In this invention, the sensing device 132 may detect the environmental variation and produce a resistance variation which leads the equivalent resistance of the sensing module 130 become variable. Therefore, the phase angle of the TRIAC 160 triggered by the DIAC 150 will be changed via previously mentioned variation such that the slope variation of rotating speed for the fan is adjustable. In addition, the design of the fan rotation speed control circuit 100 makes the fan possess capability to achieve maximum rotation speed.
While this invention has been particularly illustrated and described in detail with respect to the preferred embodiments thereof, it will be clearly understood by those skilled in the art that it is not limited to the specific features and describes and various modifications and changes in form and details may be made without departing from the spirit and scope of this invention.

Claims

1. A fan rotation speed control circuit comprising:

an AC power source;

a coil electrically connected with the AC power source;

a sensing module having a first resistor and a sensing device in parallel with mentioned first resistor, wherein mentioned coil electrically connected with the first resistor and the sensing device;

a capacitor electrically connected with the first resistor and the sensing device;

a DIAC electrically connected with the first resistor, the sensing device and the capacitor; and

a TRIAC having a first terminal, a second terminal and a gate terminal, wherein mentioned first terminal electrically connected with the first resistor, the sensing device and the coil, mentioned second terminal electrically connected with the capacitor and the AC power source, and mentioned gate terminal electrically connected with the DIAC.

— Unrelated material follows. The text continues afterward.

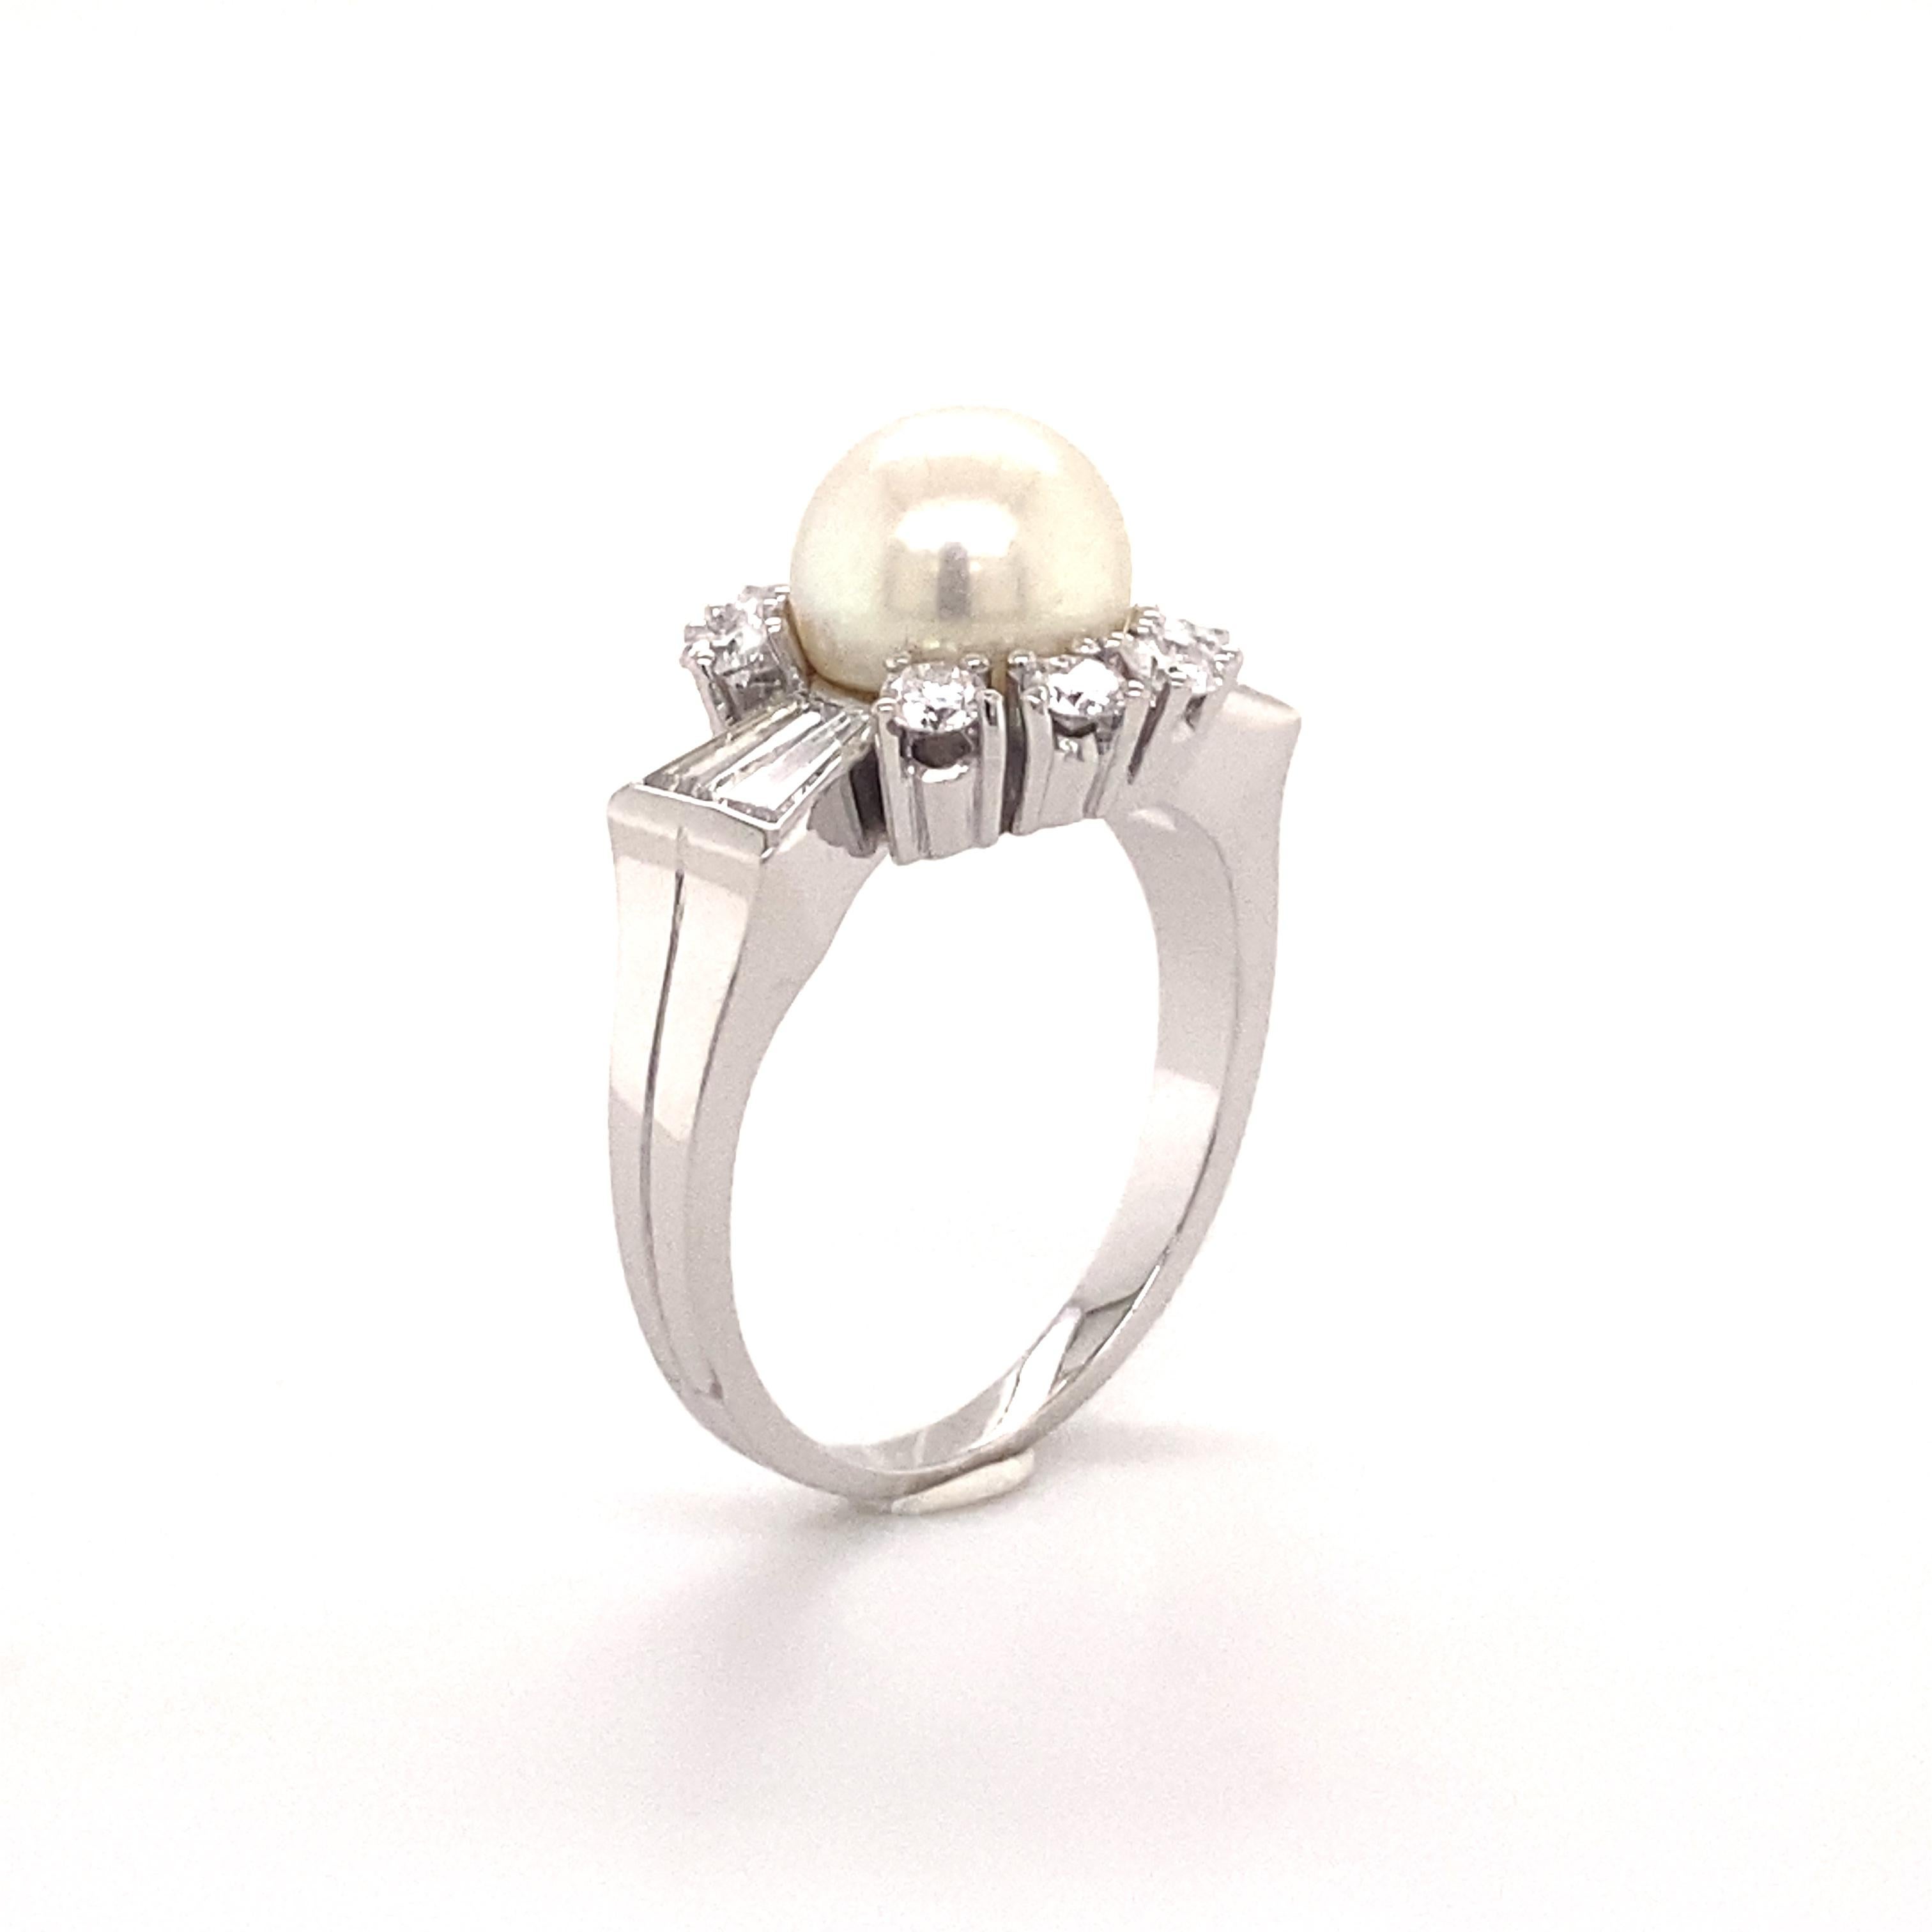 Contemporary Classic Akoya Cultured Pearl and Diamond Ring in 18 Karat White Gold
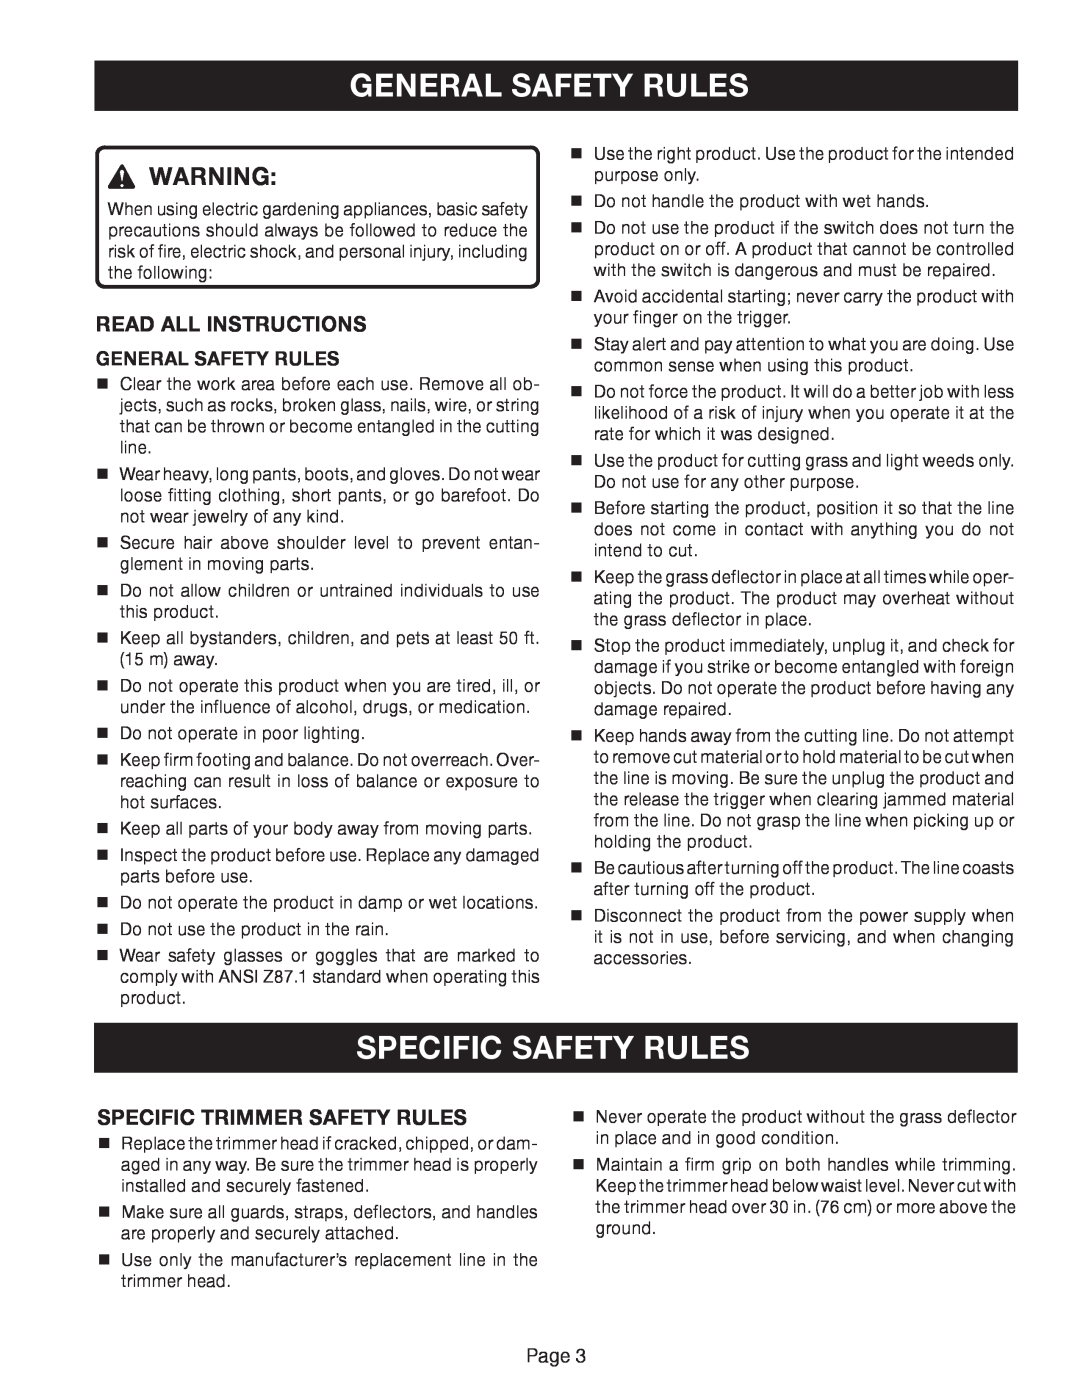 Ryobi Outdoor ZRRY41002 General Safety Rules, Specific Safety Rules, Read All Instructions, Specific Trimmer Safety Rules

2. The fan rotation speed control circuit in accordance with claim 1, wherein the sensing device can be a temperature sensing device which is chosen from one of positive temperature coefficient thermistor or negative temperature coefficient thermistor.

3. The fan rotation speed control circuit in accordance with claim 1, wherein the sensing device can be a light sensing device.

4. The fan rotation speed control circuit in accordance with claim 1, wherein the sensing module further comprises a second resistor electrically connected with the sensing device and the capacitor.